How can exclude the beta versions from the downloads in the $program READ?
$programREAD = Get-ChildItem “.\$folderName\” -name | Sort-Object -Descending | Where-Object {$_.Name -NotMatch “nls”} | Select-Object -First 1
Thanks
Hi Akram,
It depends what website you’re trying to crawl and how their page is laid out in HTML. If the link contains the word “beta” then you can exclude links that contain that string inside the < a > tags. Just an example – it’ll really depend on the web page.
Hello Boris
Page: How to Crawl Websites to Download Software Updates with PowerShell
How to change the script to exculde the beta version from the download?
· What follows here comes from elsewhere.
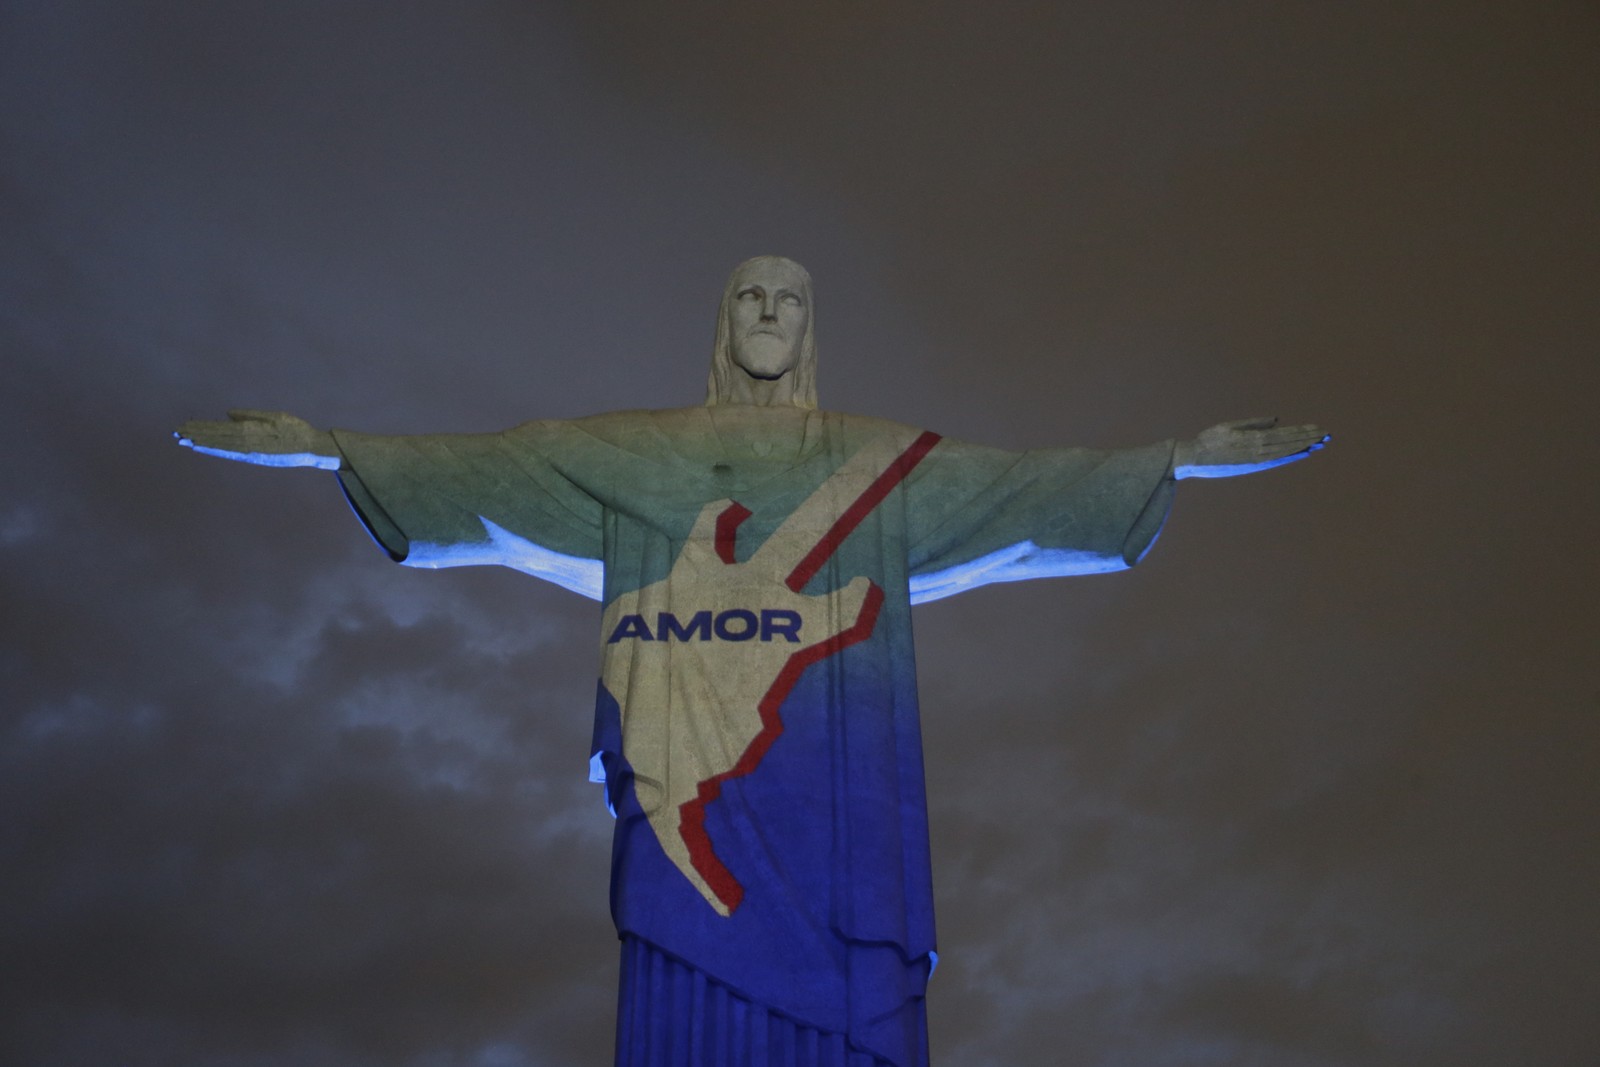 Cristo Redentor recebe projeção de imagens em homenagem aos 40 anos do Rock in Rio — Foto: Domingos Peixoto / Agência O Globo

$programREAD = Get-ChildItem “.\$folderName\” -name | Sort-Object -Descending | Select-Object -First 1
Thanx
Hi Boris,
I’m using the script to download the 7-zip updates from the URL: http://www.7-zip.org/download.html
Above on the page of the download site you can see the beta name and the version number. would you like
to help me with this?
thank you very much.
Akram
With the way the 7zip download page is built, there is no good easy way to do this, however, if we assume the beta will always be the first link displayed, then we can simply change $programURL = $program[0] to $programURL = $program[1] to select the second 64 bit MSI download displayed on the page instead of the first, which in this case will be the non-beta version.
This is gold!!